Hi Andy and others,
I would like to discuss the topic of having a possibility to "prepare" a
list of files before user's jobs processing or at the beginning of the
job. The fact why I am rising this topic is a optimization of the
access to our tape system (HPSS).
What we are doing now is that we organize the requests in a fashion that
we have as many file requests as possible on the same tape at HPSS and
therefore achieve better IO performance. Of course, one can imagine that
when we would have bigger list than we can sort better and have more
file's requests at the same tape.
Our framework gives a possibility that user's lists within one job are
already sorted in some fashion and with a big hope that those files are
presumably at the same tape. The problem is that processing of these
lists goes at subsequent order, one by one.
So, my effort is to give to xrootd a list of files to "prepared" before
processing them (or at least the full list would start to be prepared
when job will start). Can I somehow "publish" to server that these files
from the list, I will use in very close future ?

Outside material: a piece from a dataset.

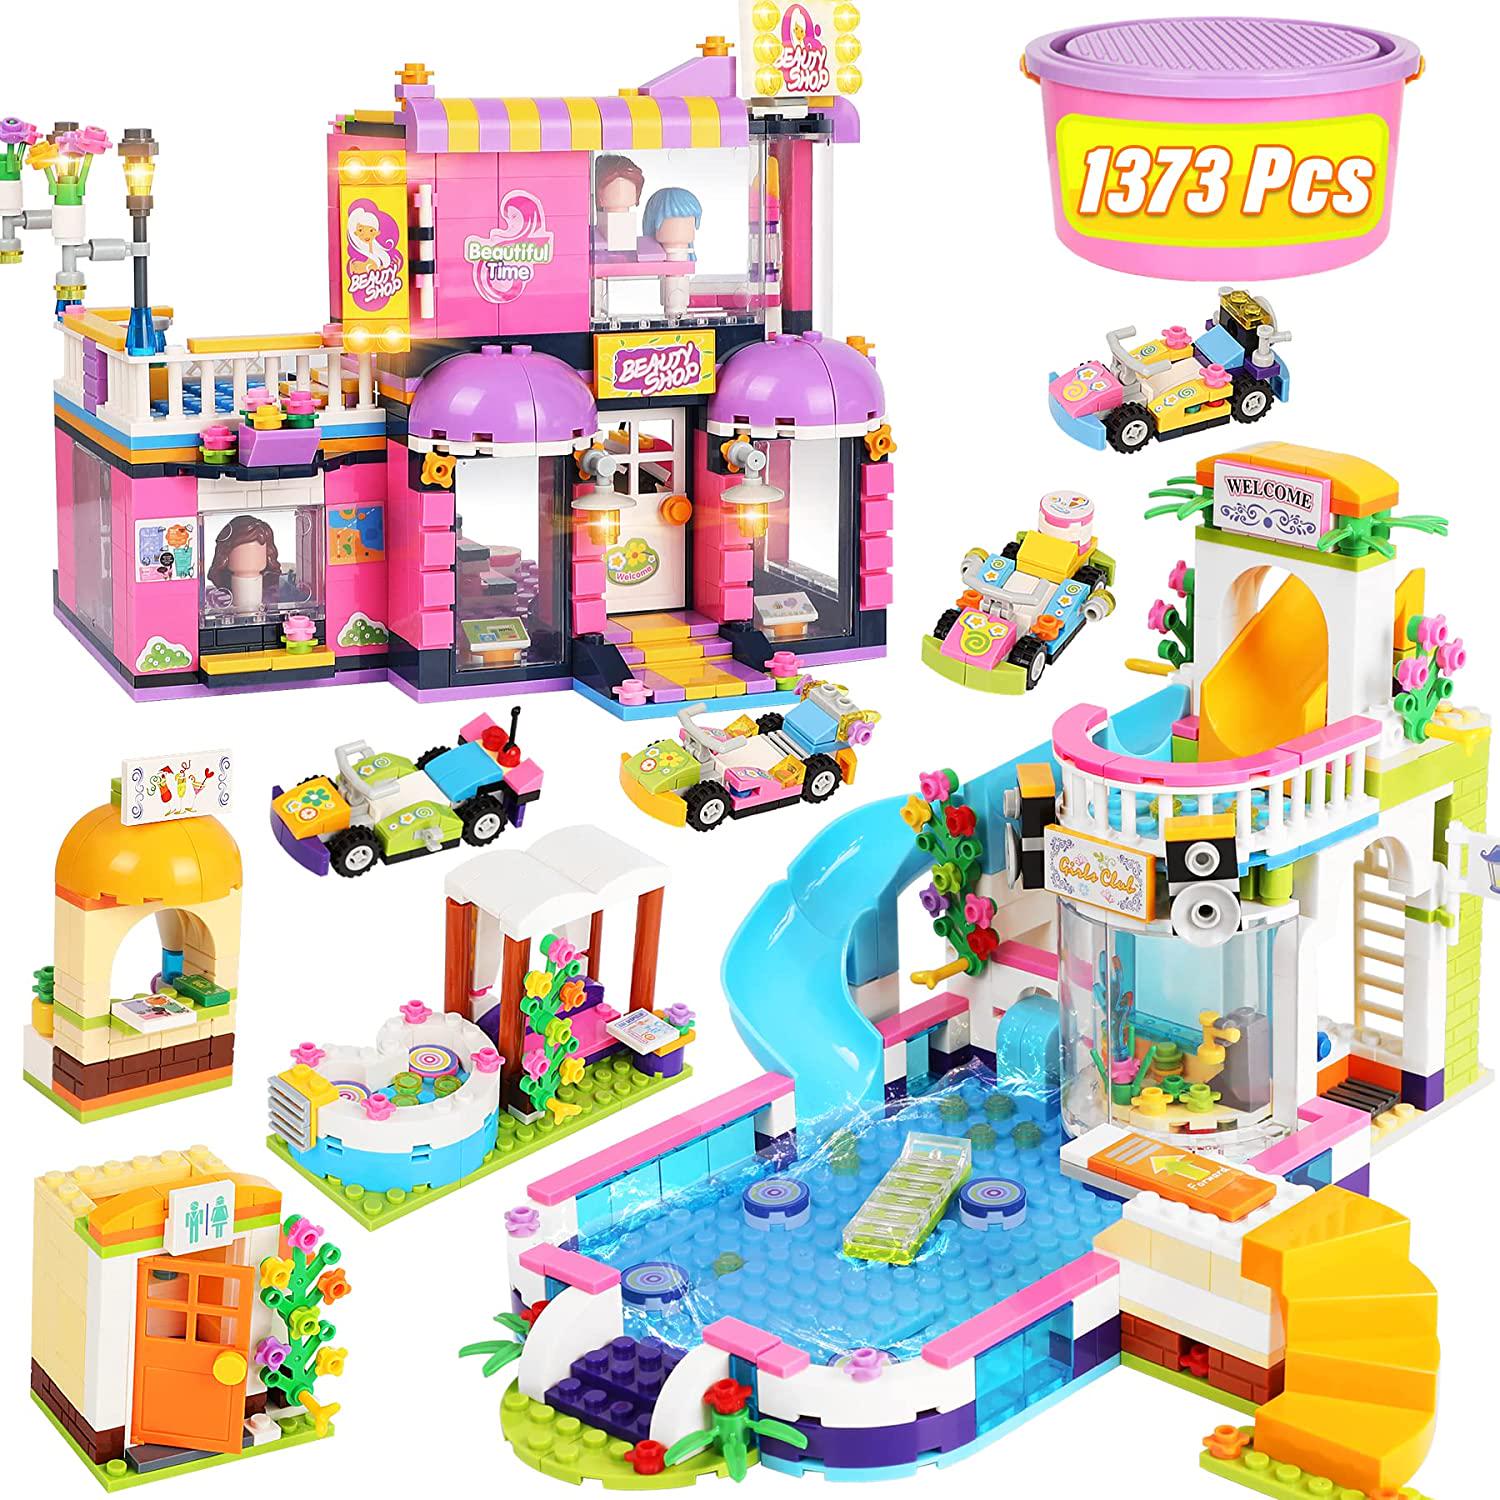 EP EXERCISE N PLAY, Friends Summer Pool Party Toy Pool Building Set for Girls 6-12, 1373 Pieces Hair Salon Creative Building Bricks Blocks Kit, STEM Learning and Roleplay Gift Pretend Play for Girl and Boy w/ Storage Box
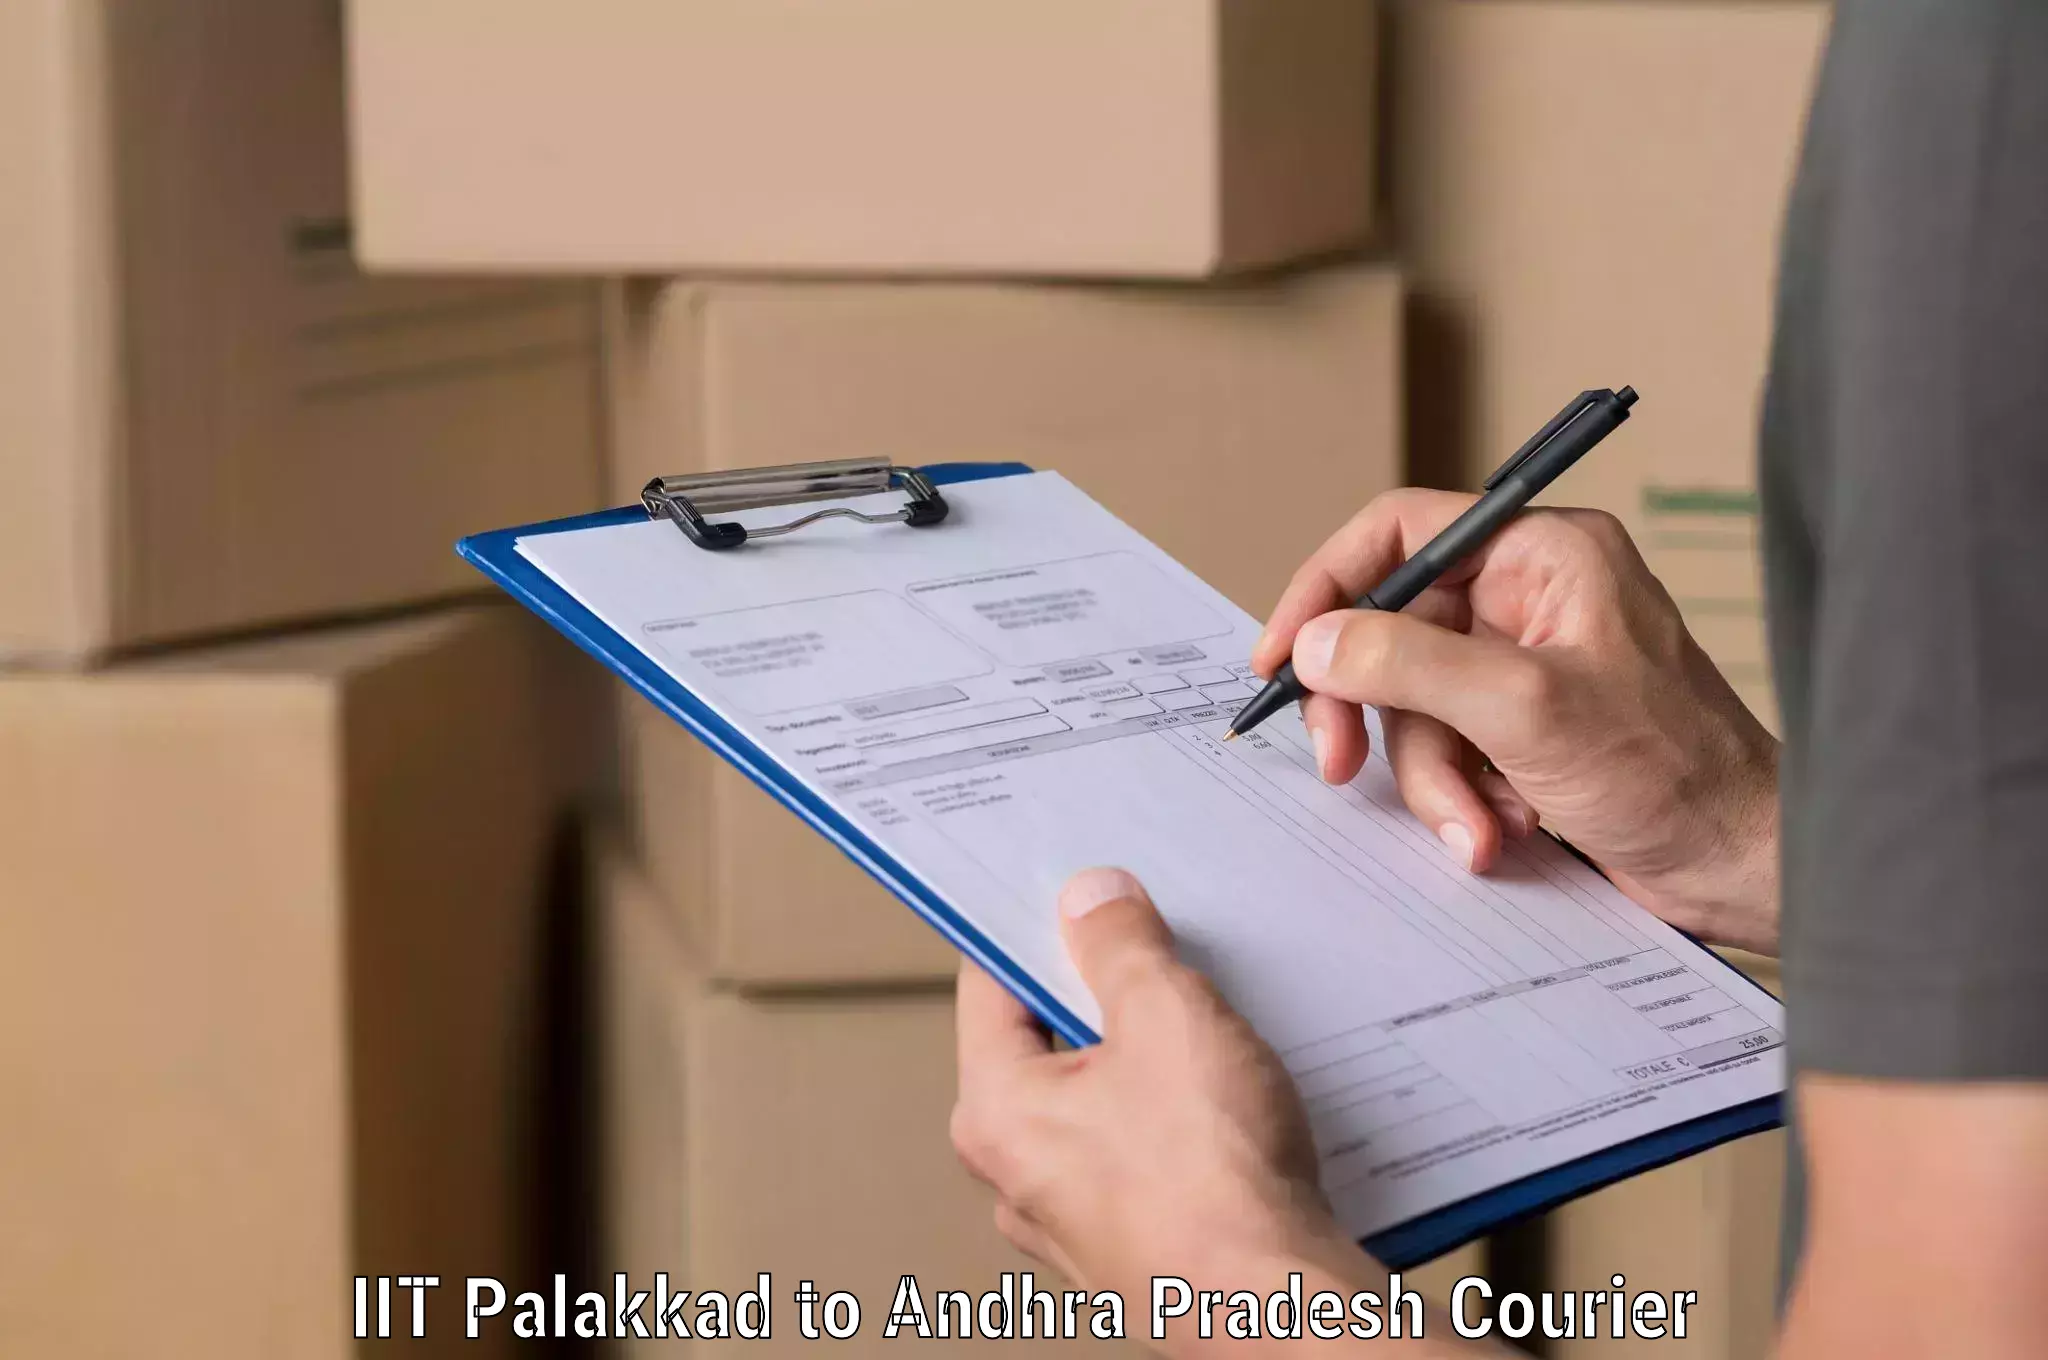 24-hour courier service IIT Palakkad to Mangalagiri

So, I have figured 2 possible cases how to do it:
1) Use AsyncOpen at client side
I am scared of this solution, since it can use lots of resources
with many simultaneously opened connections. I can see jobs with
thousand of files. In our case, when we have 400 nodes for job's
processing, it could be very big number of connections to redirector node.
2) There is some sort of "prepare" methods at server side. So, how can I
call them from the client side ?
This solution would be better for me, if I could somehow pass the list
to the server through the client and do not need any other assistance or
presence of the client at each file's preparation.
I know that there could be a problem with this. The files can disappear
between the prepared and actual requested time of processing. (server
went down, purging etc.). I think that the occurrence of this case is
usually very small. However, I didn't make any sophisticated
investigation to prove it since it would be very hard to get these
statistic.
Thanks for any suggestion or help
Cheers
Pavel
|